Dirents are stored in chunks, each chunk < 4k. These chunks are a list
of these dirents, followed by the strings for the names, the
name_offset is the offset from the start of the chunk to the name.

> > +} __packed;
> > +
> > +struct cfs_dir_chunk_s {
> > +       u16 n_dentries;
> > +       u16 chunk_size;
> > +       u64 chunk_offset;
>
> What's this chunk offset refer to?
>

This is the offset in the "variable data" section of the image. This
section follows the packed inode data section. Again, better comments
needed.

> > +} __packed;
> > +
> > +struct cfs_dir_s {
> > +       u32 n_chunks;
> > +       struct cfs_dir_chunk_s chunks[];
> > +} __packed;
>
> So directory data is packed in discrete chunks?
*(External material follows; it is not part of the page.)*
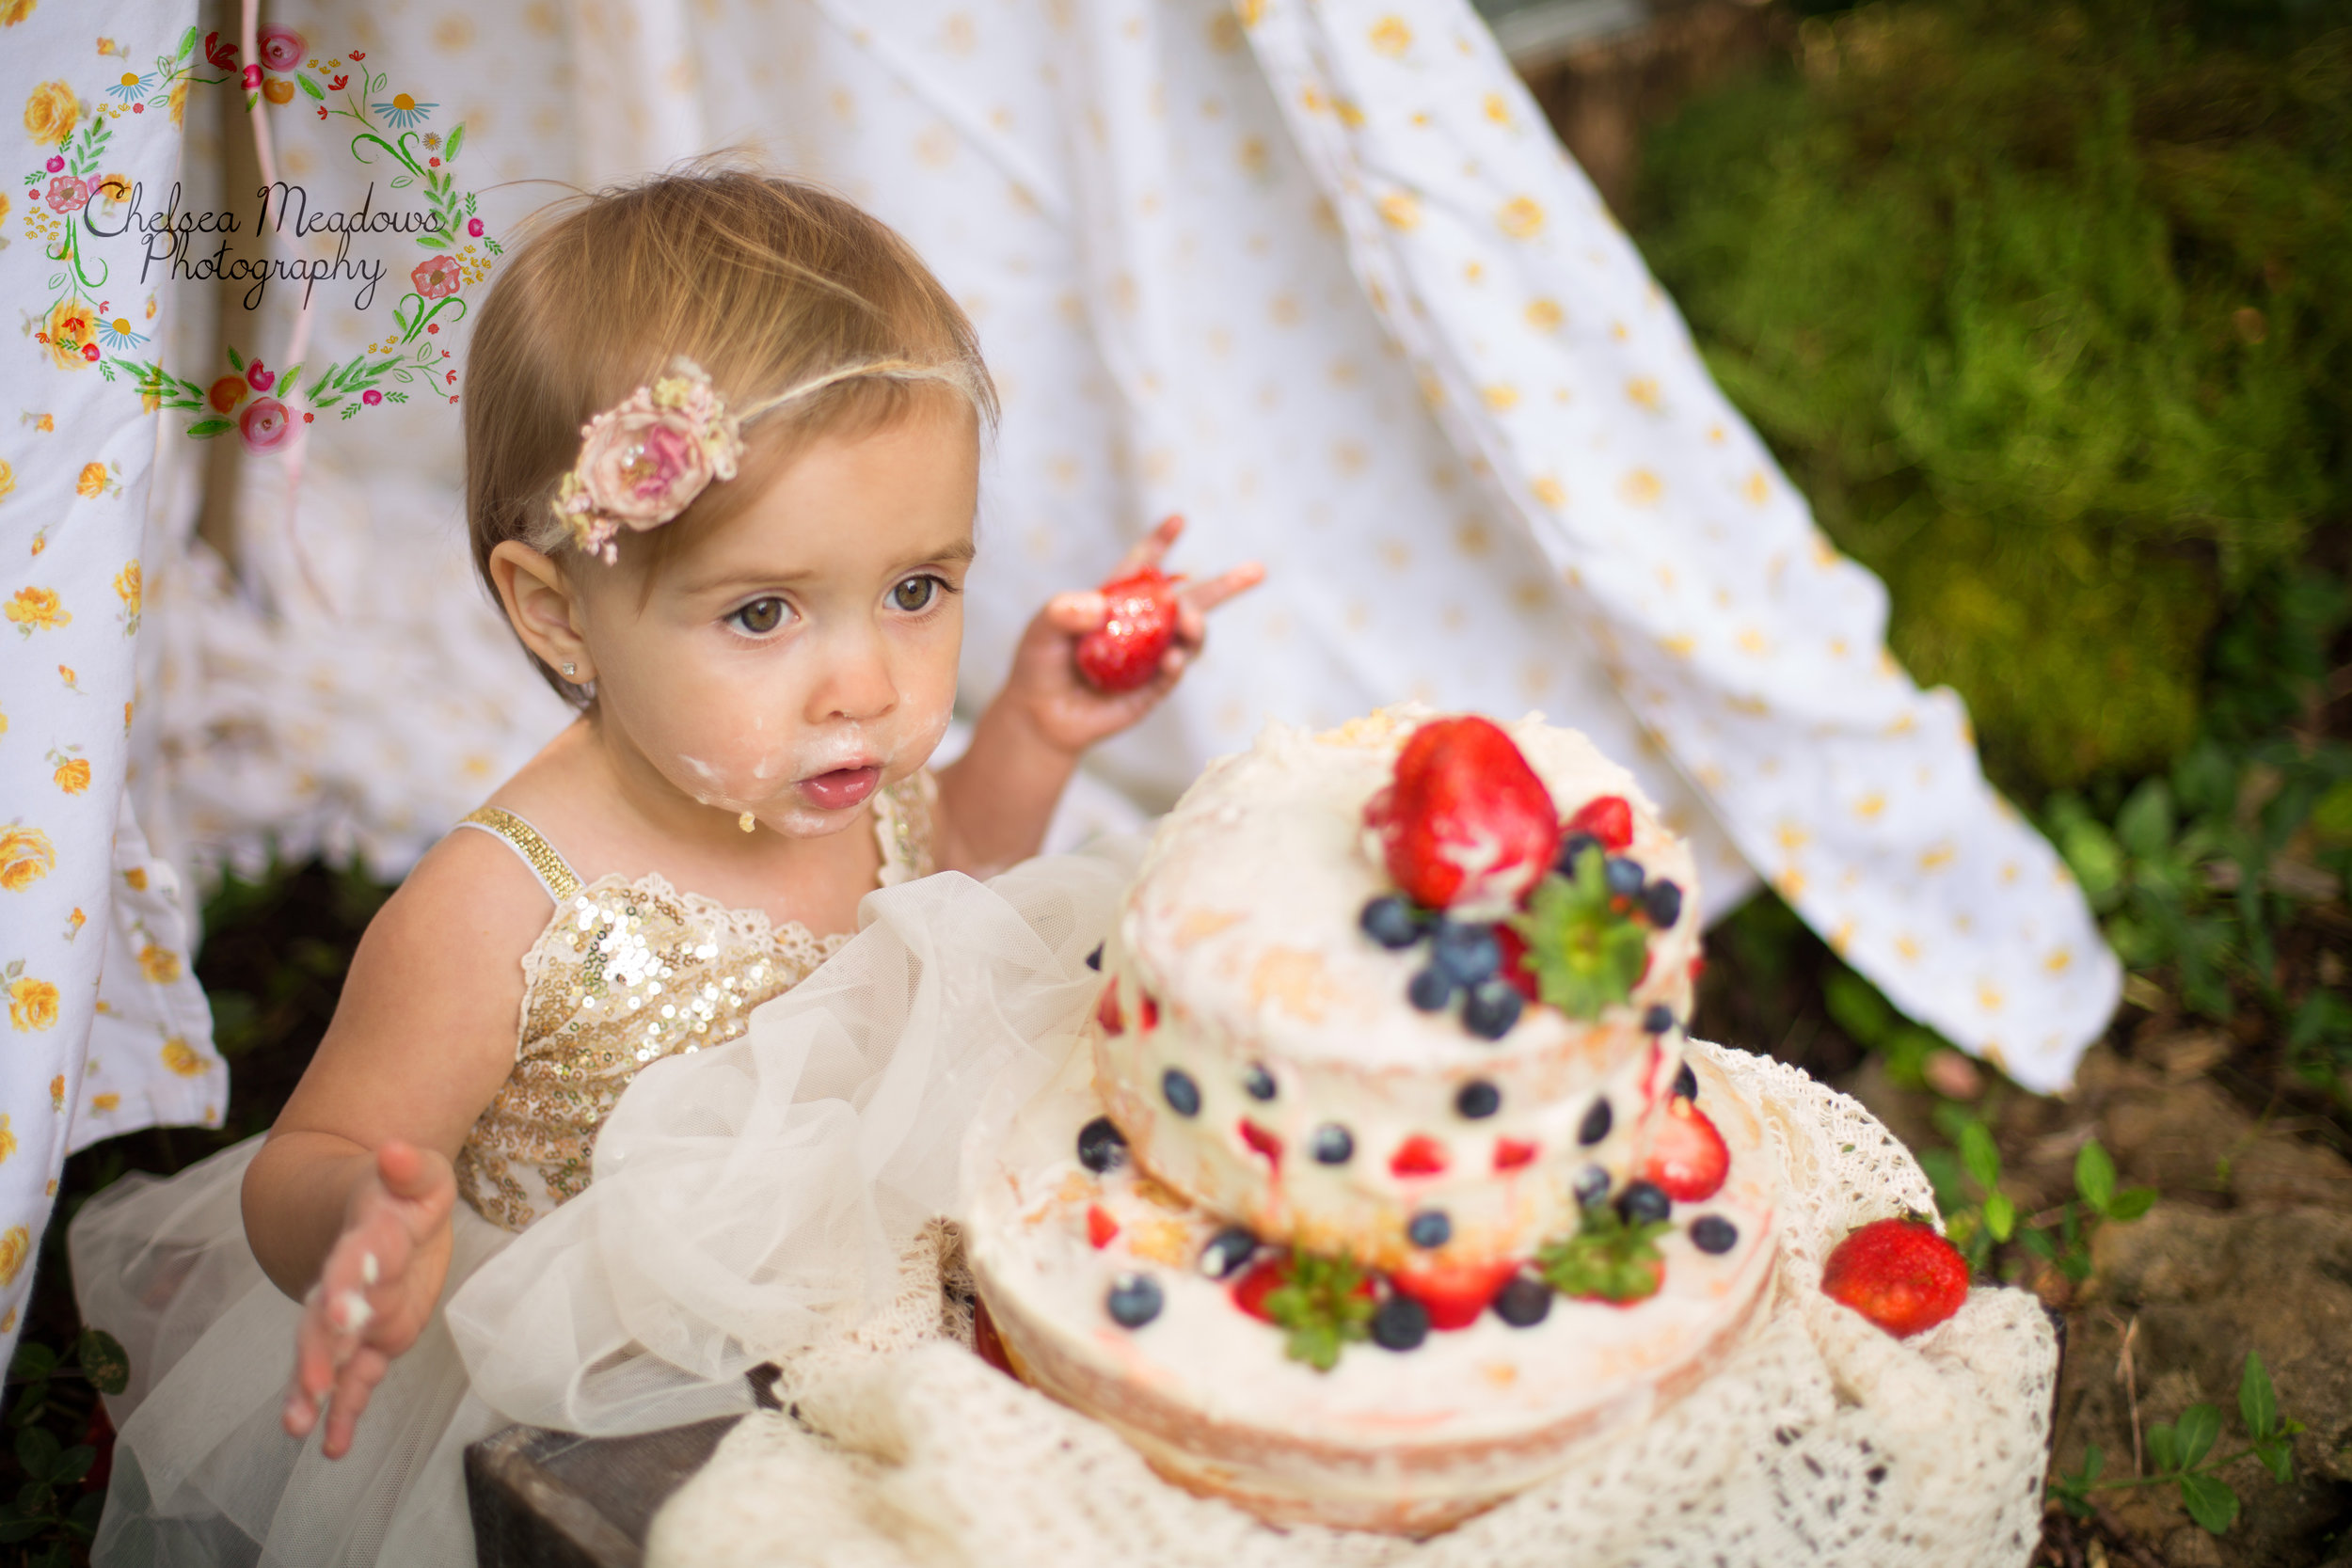 Paisley First Birthay Cake Smash - Nashville Family Photographer - Chelsea Meadows Photography (4).jpg
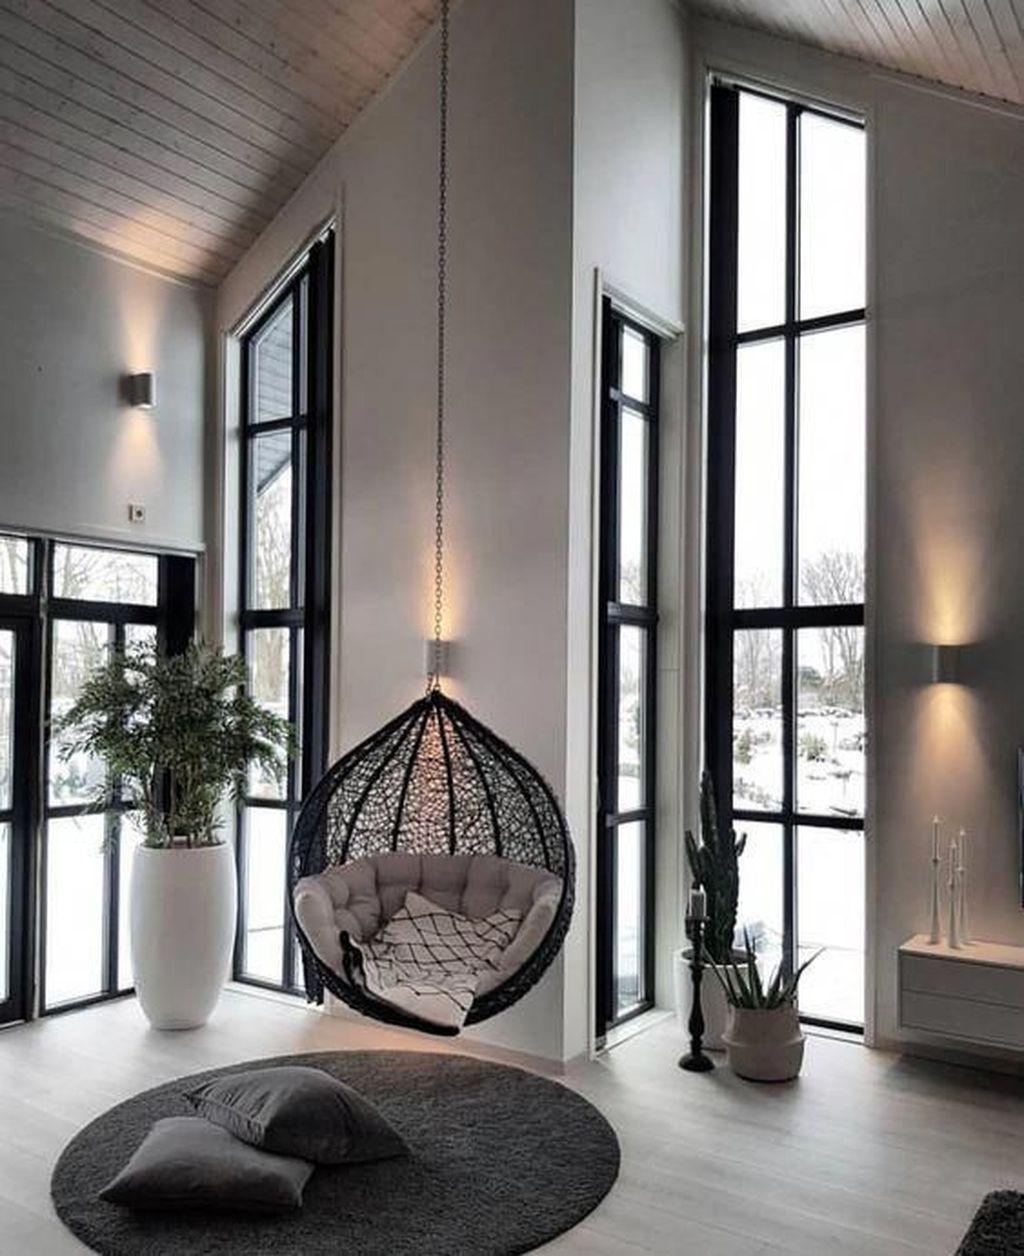 Inspiring Modern Home Furnishings Design Ideas 10

Given that this is a
> static directory format, and the size of the directory is known at
> image creation time, why does the storage need to be chunked?

We chunk the data such that each chunk fits inside a single page in the
image file. I did this to make accessing image data directly from the
page cache easier. We can just kmap_page_local() each chunk and treat
it as a non-split continuous dirent array, then move on to the next
chunk in the next page. If we had dirent data spanning multiple pages
then we would either need to map the pages consecutively (which seems
hard/costly) or have complex in-kernel code to handle the case where a
dirent straddles two pages.

> > +
> > +#define
> > cfs_dir_size(_n_chunks)                                            
> >     \
> > +       (sizeof(struct cfs_dir_s) + (_n_chunks) * sizeof(struct
> > cfs_dir_chunk_s))
>
> static inline, at least.
>
> Also, this appears to be the size of the encoded directory
> header, not the size of the directory itself. cfs_dir_header_size(),
> perhaps, to match the cfs_xattr_header_size() function that does the
> same thing?

Yeah, that makes sense.

--
=-=-=-=-=-=-=-=-=-=-=-=-=-=-=-=-=-=-=-=-=-=-=-=-=-=-=-=-=-=-=-=-=-=-=-
=-=-=
Alexander Larsson Red Hat,
Inc
alexl@xxxxxxxxxx alexander.larsson@xxxxxxxxx
He's a suicidal hunchbacked cyborg who knows the secret of the alien
invasion. She's a time-travelling out-of-work snake charmer with a song
in her heart and a spring in her step. They fight crime!